First grade children don't normally spend their days contemplating the welcoming blackness of oblivion, the darkness we all came from and the darkness to which we shall all return. And, yet, according to tweets offered up by one primary-school teacher, at least one young student is keenly aware that death, that indifferent nothingness, is what defines the brief moment of panic and absurdity we call "life."
Albany, California teacher Bret Turner claimed that he recently gave a quiz to one of his first-grade classes by asking his students a crafty, little riddle. On Tuesday, he tweeted out the "Puzzle of the Day": "I am the beginning of everything, the end of everywhere. I'm the beginning of eternity, the end of time & space. What am I?"
For those of you dying to know, the answer is the letter "e." See how that works? Neat.
But, as Turner reports, one junior Kierkegaard in his class didn't see that charming answer in the puzzle but rather a larger existential challenge. As Turner writes, "The first guess from one of my 1st graders was 'death' and such an awed, somber, reflective hush fell over the class that I didn’t want to tell them that actually the answer is the letter e, which just seemed so banal in the moment." Indeed, the proper answer to Turner's question — as it is for all questions — is death.
Turner later added, "Before I finally revealed the 'correct' answer to the riddle, to a largely unimpressed audience, I fielded other guesses that continued along a similarly existential vein. There was 'NOT everything,' 'all stuff,' 'the end,' and maybe my favorite, 'nothingthing.'" Seems that more than one kid in his class has been reading "The Stranger" instead of Harry Potter at night.
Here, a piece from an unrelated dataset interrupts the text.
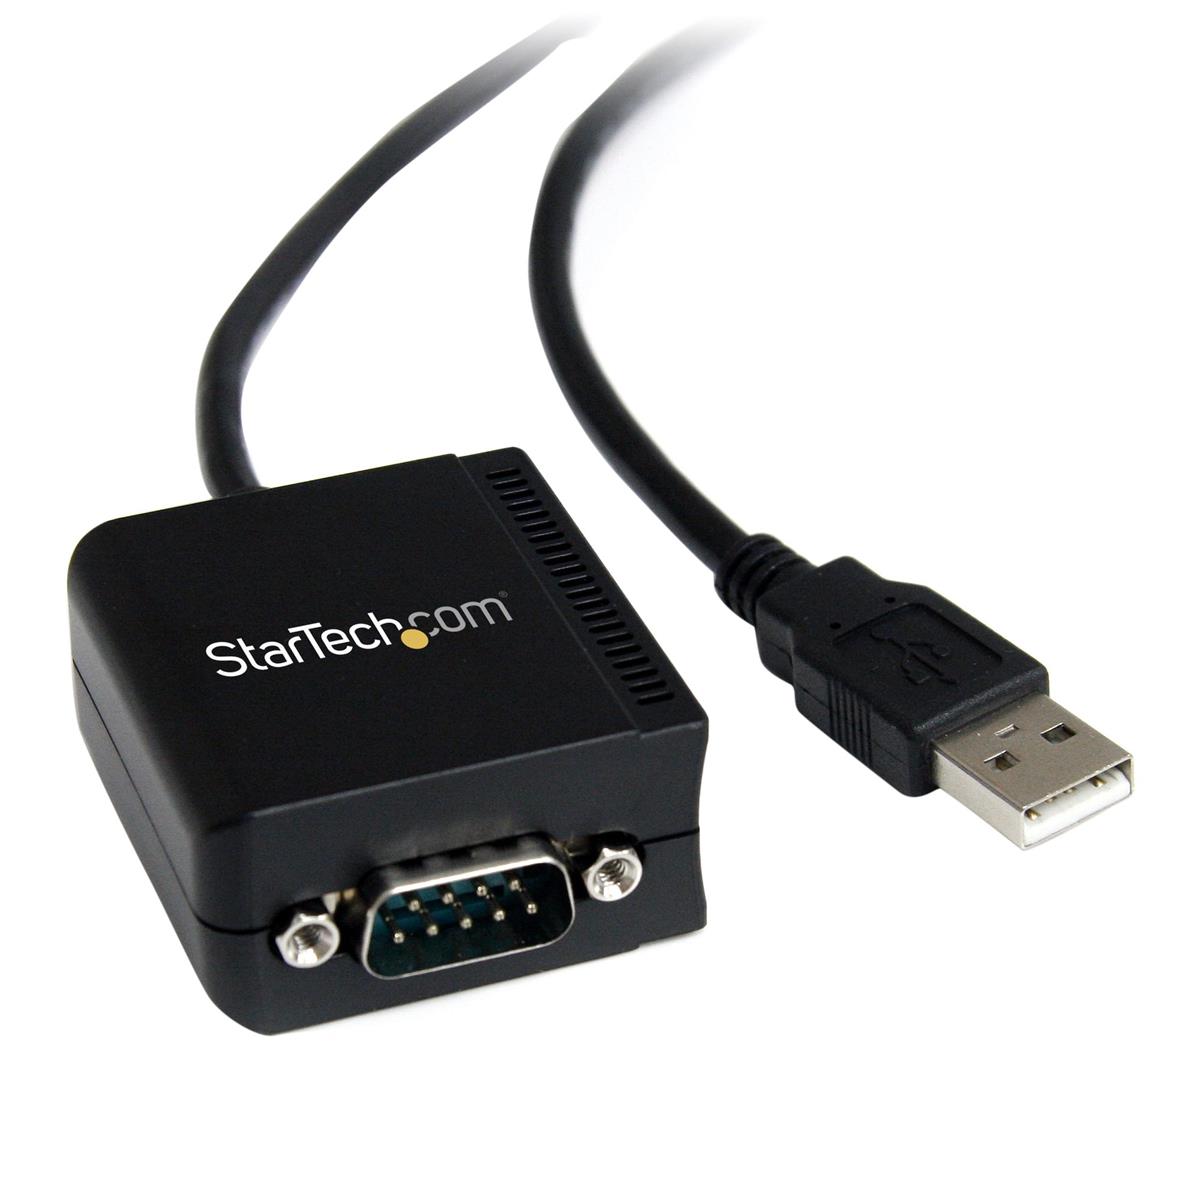 Photos - Other for Computer Startech.com StarTech 8' 1 Port FTDI USB to Serial RS232 Adapter Cable with Optical Iso

Twitter, of course, loved this reported bit of existentialist wisdom from a budding nihilist who may or may not still have their baby teeth. In response to a flood of comments on his Twitter page, Turner would add that his next lesson plan was "Cushioning Banality Through Germanic And Norse Mythology." Nice, but might we suggest a section on the French structuralists instead? Seems the logical next step.